John Darnielle (“Dar-NYEEELehhhh”)* was born in Bloomington, Indiana (“Bloomington: The Other Bloomington”). This son of the Midwest moved around much as a child before settling in California (“The Golden State,” “Fucking California”). This record is thematically “into” movement and Texas (“The Lone Star State”). West Texas. Not West, Texas, which is a real place, but western Texas, maybe representative of a certain state of mind? It’s vast and expansive and maybe better than thisAfter Jarella died, Hulk went completely shithouse for a whole issue. Recorded live to Panasonic RX-FT 500.

                                            *not actually how it’s pronounced —ed.

2. Ron Santo Will Rise Again and Have Revenge, Bloody Revenge, on Cooperstown (1:14)

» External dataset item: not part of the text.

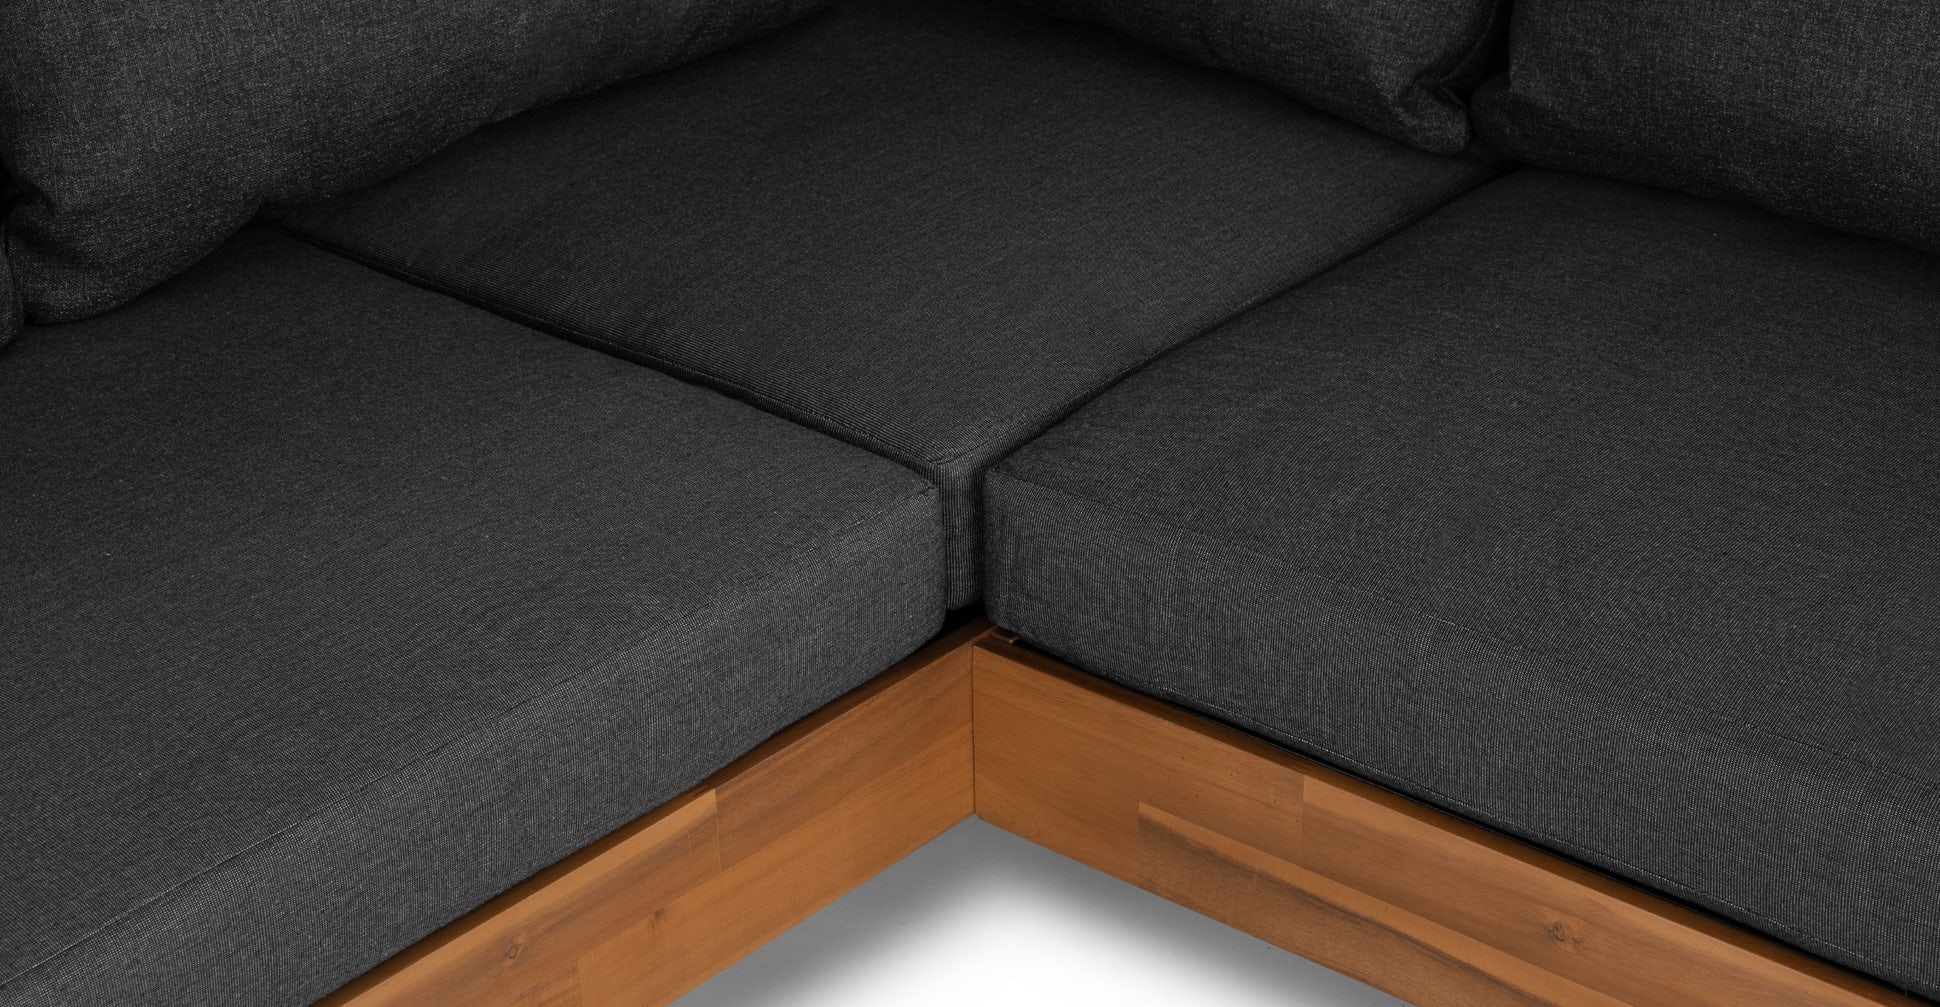 Lubek Sectional - Image 5

Some of the places in Texas that have appeared in Mountain Goats songs include Brownsville, Denton, Toyahvale, Austin, Houston, and, of course, Lubbock. Dallas, too, right in the title of this album’s closing track. This is a band that is heavily into restless searching. Ron Santo, Randy Hundley, Glenn Beckert, Don Kessinger, and Ernie Banks — Chicago Cubs all — played together on the NL All Star Team in 1969. Five Cubs. Can you imagine? Performed live in parking lot of Ziggy’s, Winston-Salem, NC and recorded live to HI-8 camcorder. 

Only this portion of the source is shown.